The operations described with reference to FIG. 4 may be implemented based on instructions that may be stored in a computer recording medium or memory (e.g., the memory 130 of FIG. 1). The illustrated method may be executed by the electronic device (e.g., the electronic device 200 of FIG. 2) described with reference to FIGS. 1 and 2, and the technical features described above may not be repeated here. The order of each operation of FIG. 4 may be changed, some operations may be omitted, and some operations may be performed simultaneously.

In operation 410, a communication processor (e.g., the communication processor 220 of FIG. 2) may receive an encrypted nonce value from an application processor (e.g., the application processor 210 of FIG. 2) and request decryption from a security sub system (e.g., the security sub system 240 of FIG. 2). A pre-stored signature may be required to compare signature values. When the pre-stored signature is the same every time, a hacker may attempt a replay attack that reuses the signature value. In order to prevent and/or reduce the replay attack, the electronic device 200 may generate and store a different signature every time using a random value or a nonce value, and encrypt and store the nonce value used to generate the signature. The process of generating and storing the different signature every time using the nonce value, and encrypting and storing the nonce value used to generate the signature will be described with reference to FIG. 5A.

In operation 420, the communication processor 220 may receive the decrypted nonce value from the security sub system 240 and request the signature from the security sub system 240 based on the nonce value. The communication processor 220 may request the decryption of the encrypted nonce value from the security sub system 240. The security sub system 240 may decrypt the encrypted nonce value using the key of the key module 245 and transmit the decrypted nonce value to the communication processor 220. The communication processor 220 may transmit data to be verified or data to be signed to the security sub system 240 and request the signature on the data.

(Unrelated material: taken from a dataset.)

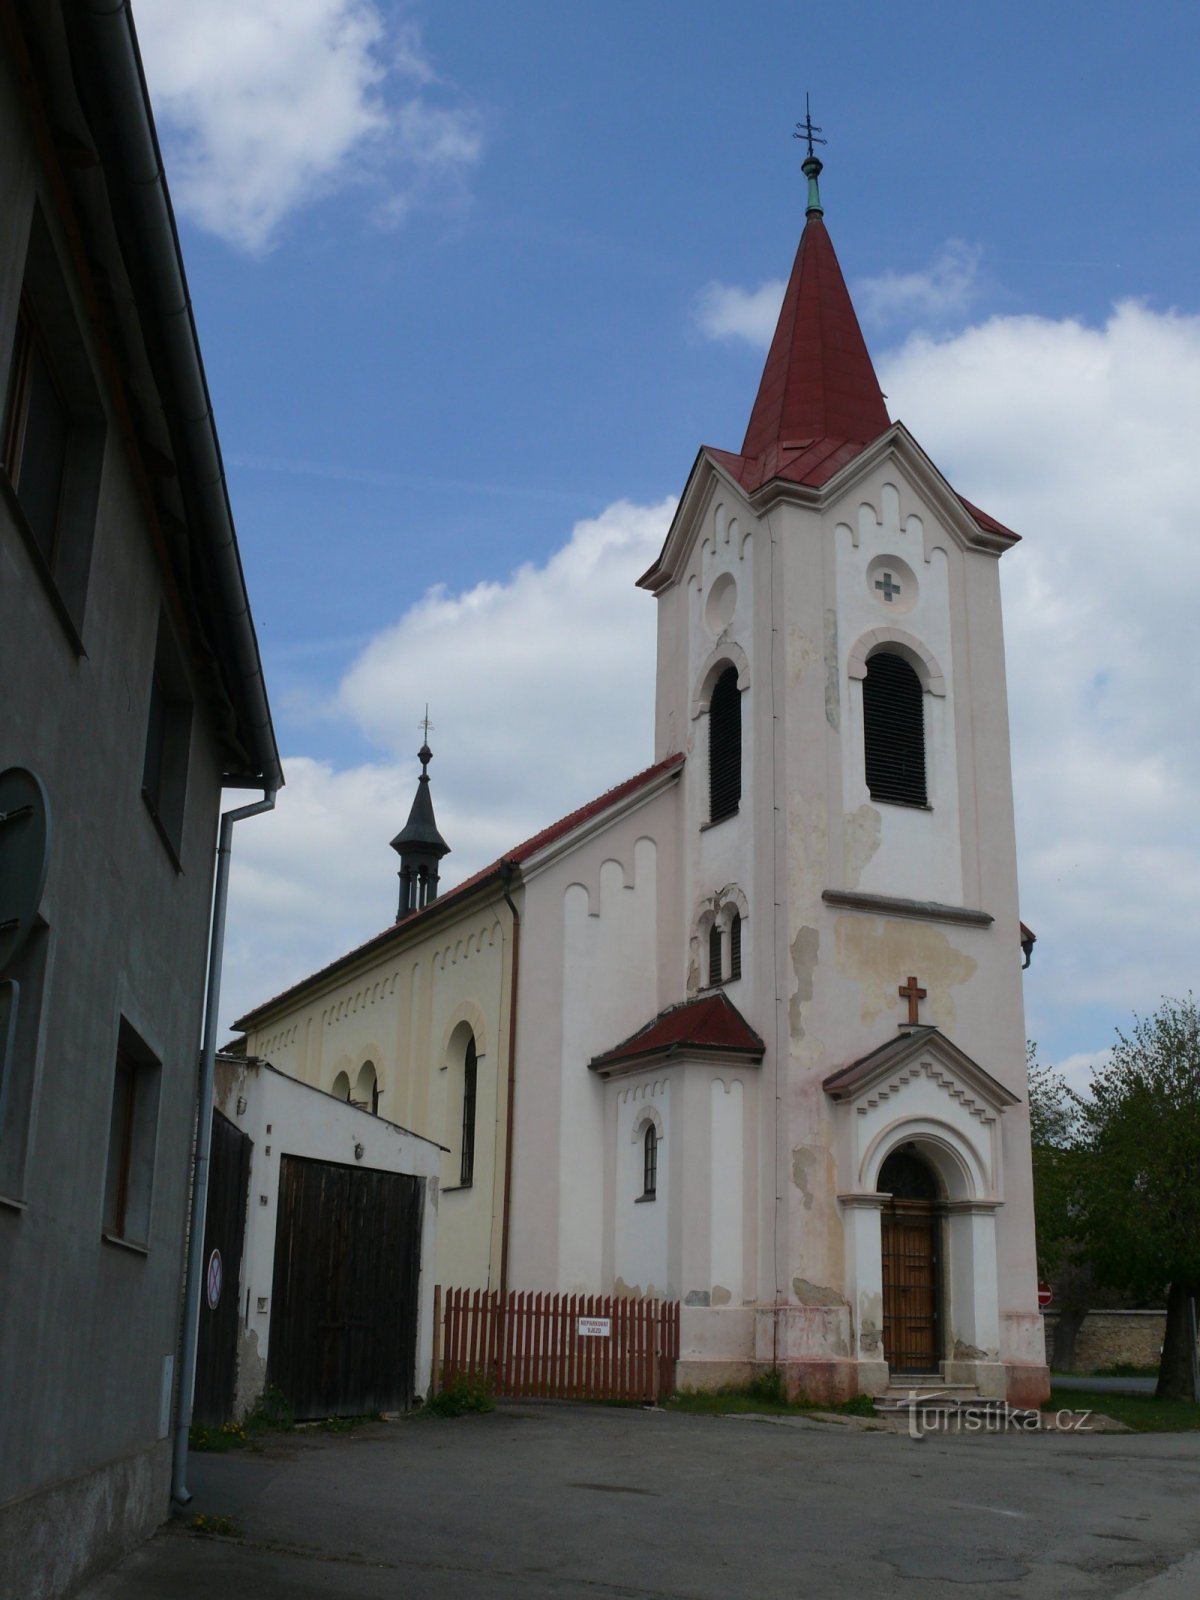 Church of St. Martin in Třebotov

In operation 430, the communication processor 220 may receive the signature generated based on the nonce value and the network lock data from the security sub system 240. The network lock data may include at least one of network lock information, whether the network lock is activated, whether the network lock is deactivated, network lock type information, subscriber identity module (SIM) lock information, NCK, SPCK, MCK, personal identification number (PIN) information, a network lock password, a password, network information, MCC/MNC allow list of the SIM, MCC/MNC block list of the SIM, temporary unlock status, a temporary unlock time, or temporary unlock validity period. The security sub system 240 may generate the signature based on the nonce value and the network lock data. A signature generation algorithm may include an asymmetric key message authentication scheme and a message authentication code (MAC) scheme. The type of the signature may include at least one of an RSA digital signature, a Lamport signature, an ElGamal signature, a Schnorr signature, a digital signature standard (DSS), a digital signature algorithm (DSA), ECDSA, KCDSA/EC-KCDSA, a hash-based message authentication code (HMAC), a cipher-based MAC (CMAC), NMAC, a cipher block chaining MAC (CBC-MAC), a quantum signature, or a quantum digital signature (QDS).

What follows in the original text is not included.